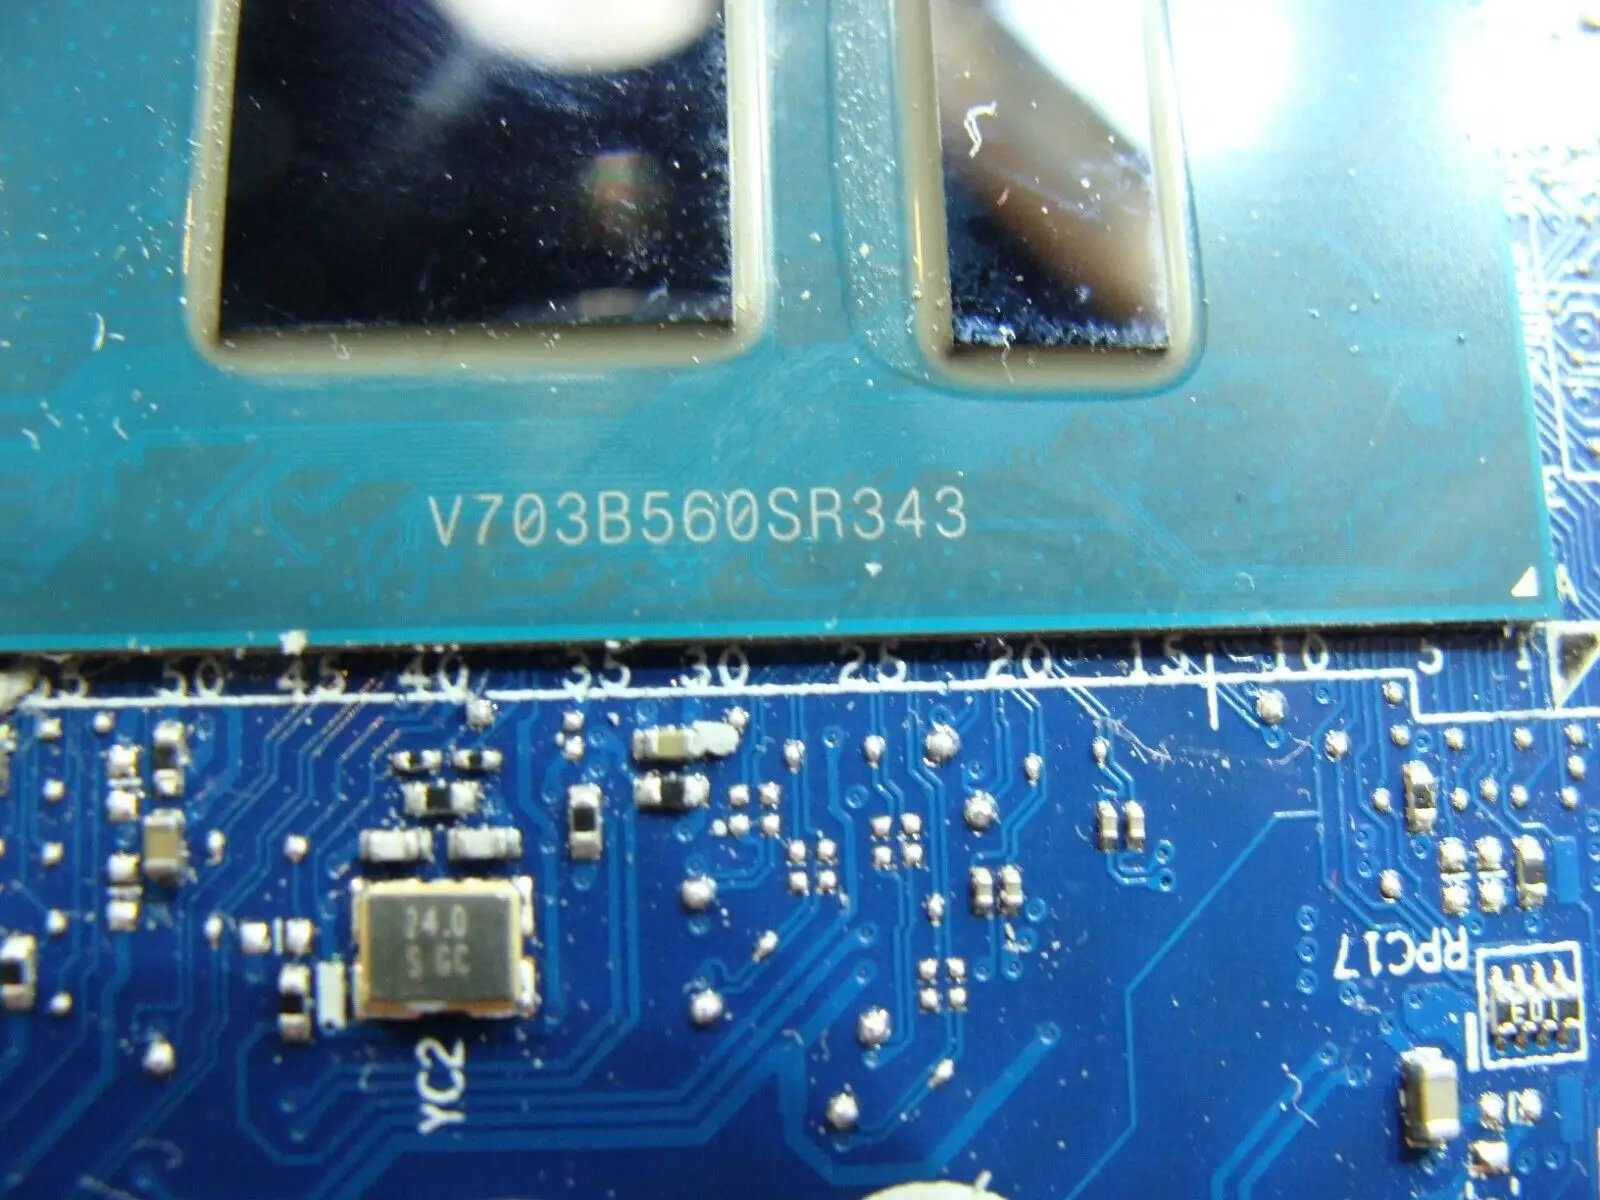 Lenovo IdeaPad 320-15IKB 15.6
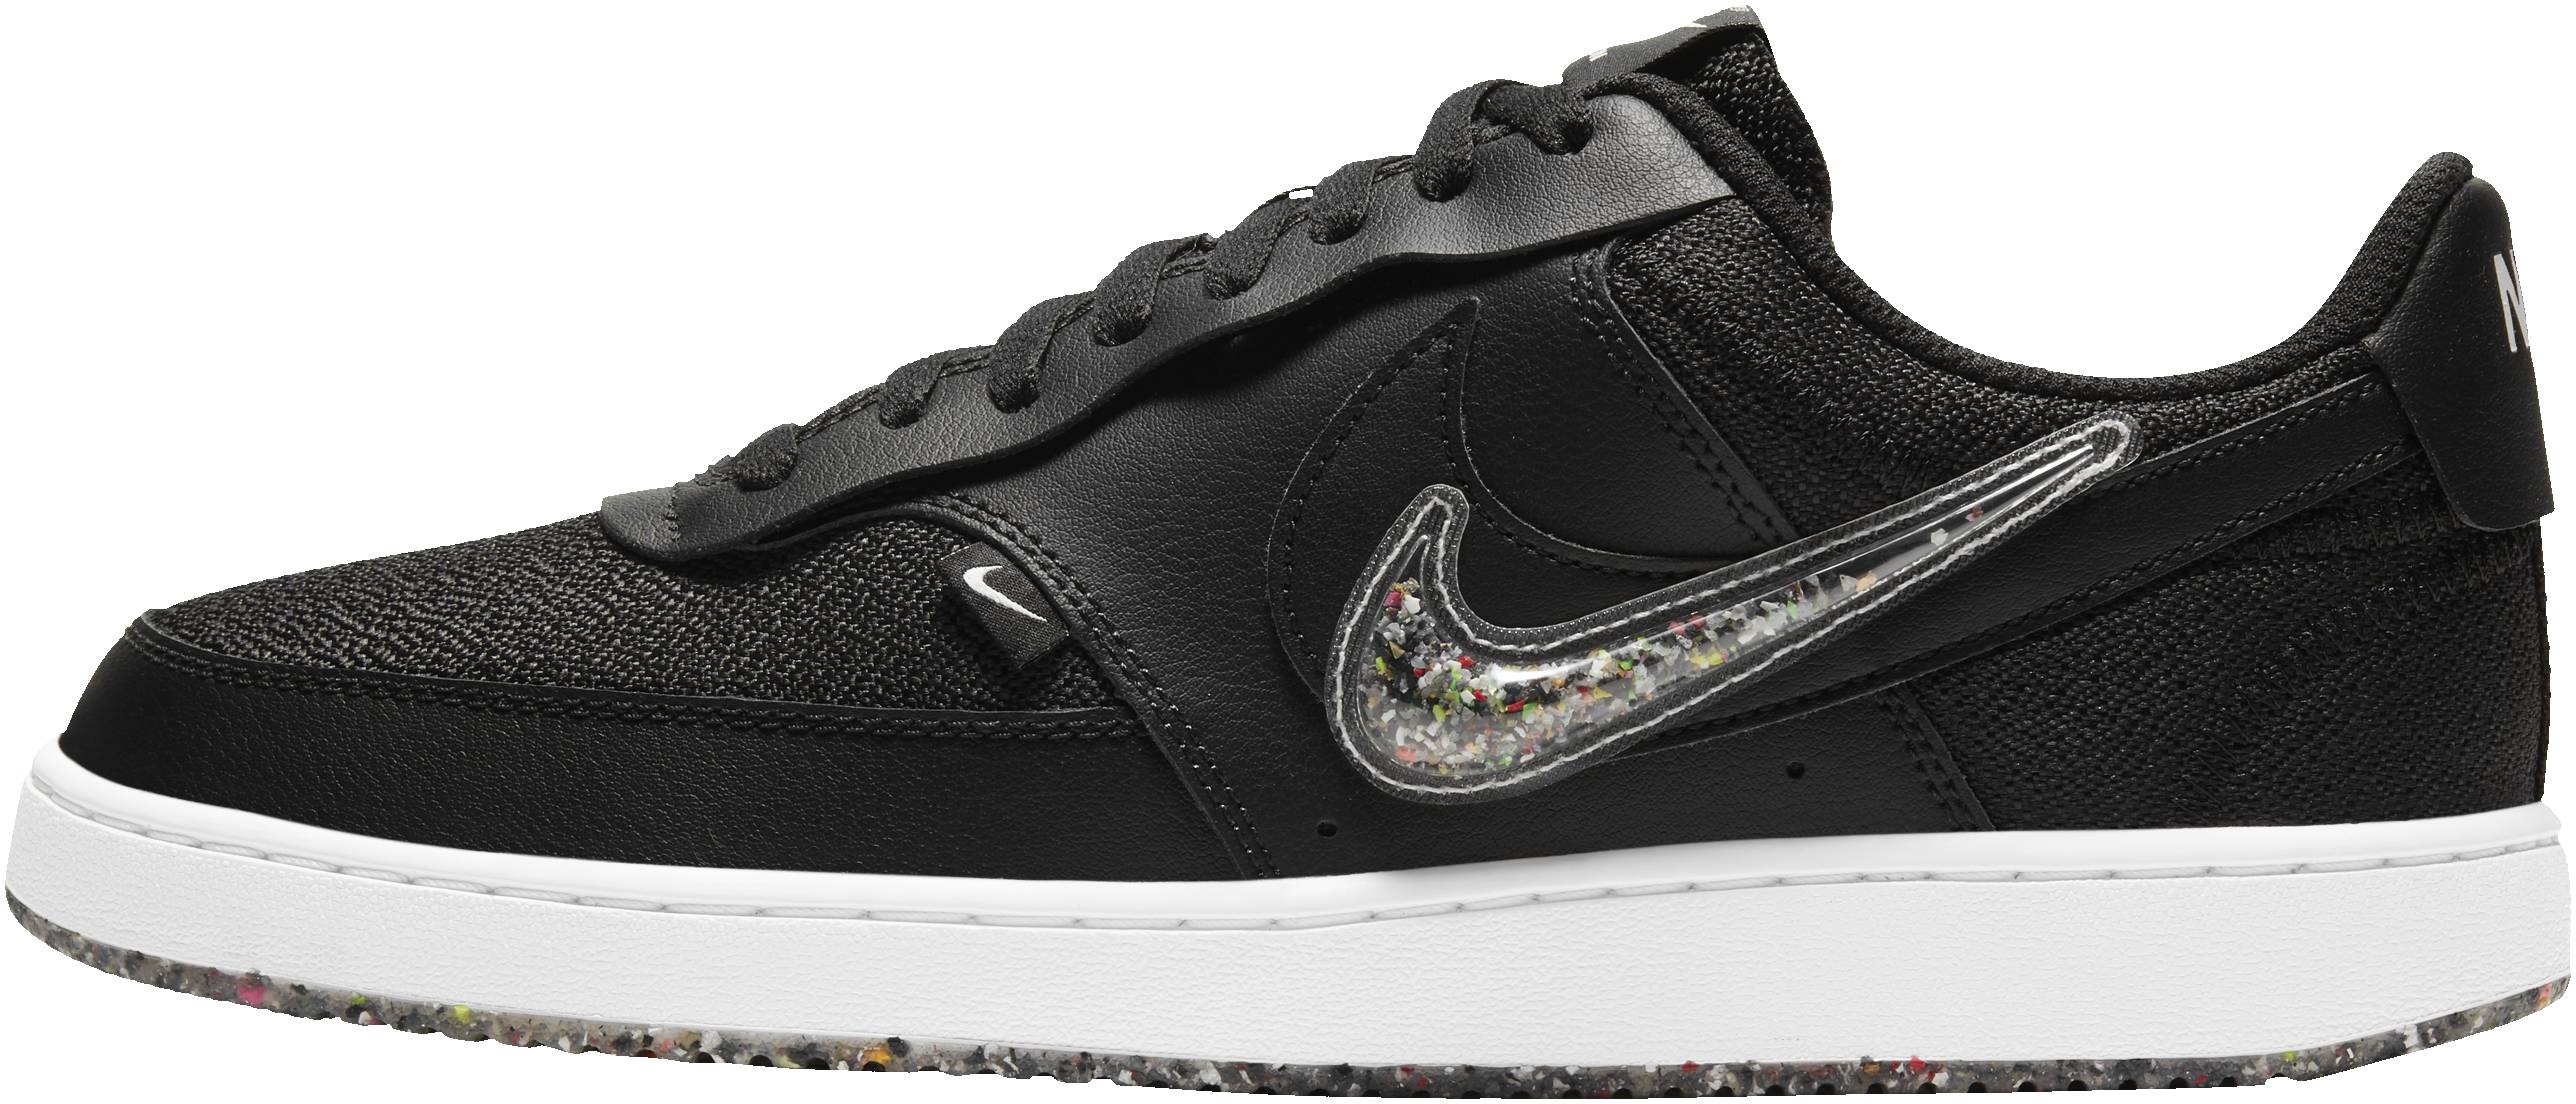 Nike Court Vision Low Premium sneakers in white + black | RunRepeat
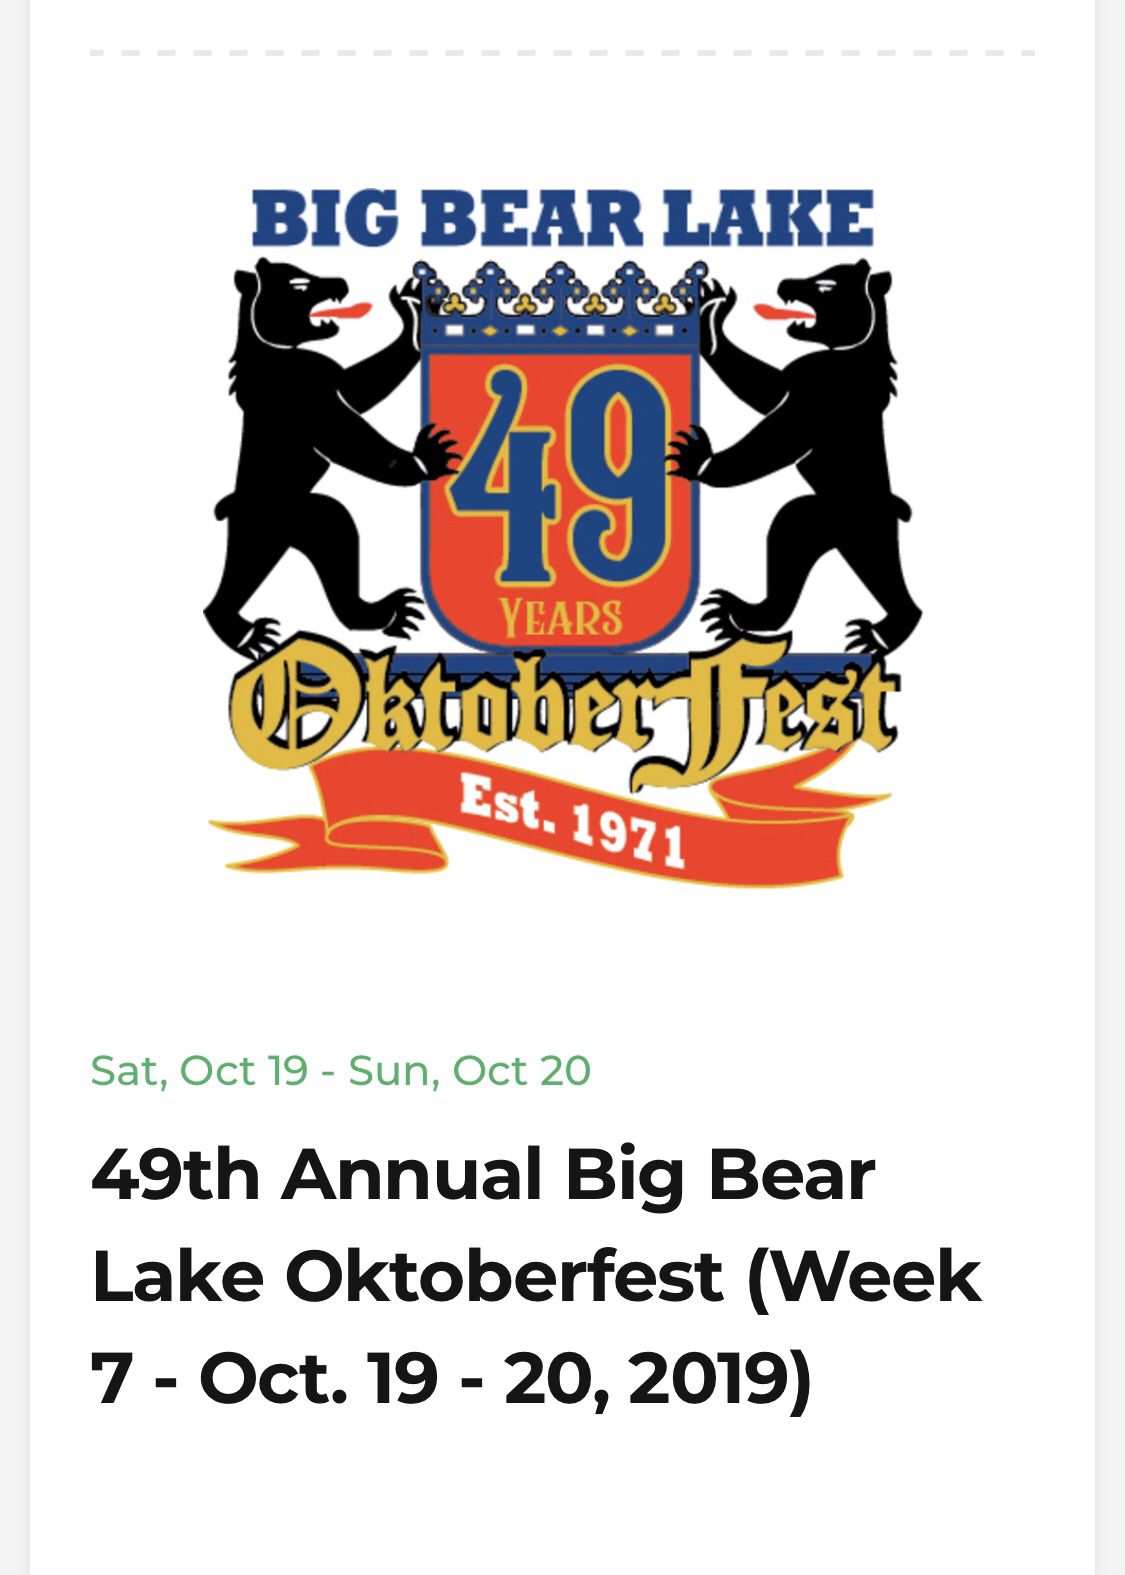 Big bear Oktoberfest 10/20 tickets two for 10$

■ **Exercise instructions**: Everything from the line containing "Nike Court Vision" through the end of the data should be printed exactly, line for line, except the pictures.

■ **Solution below**:
 Nike Court Vision Low Premium sneakers in white + black | RunRepeat
 Big bear Oktoberfest 10/20 tickets two for 10$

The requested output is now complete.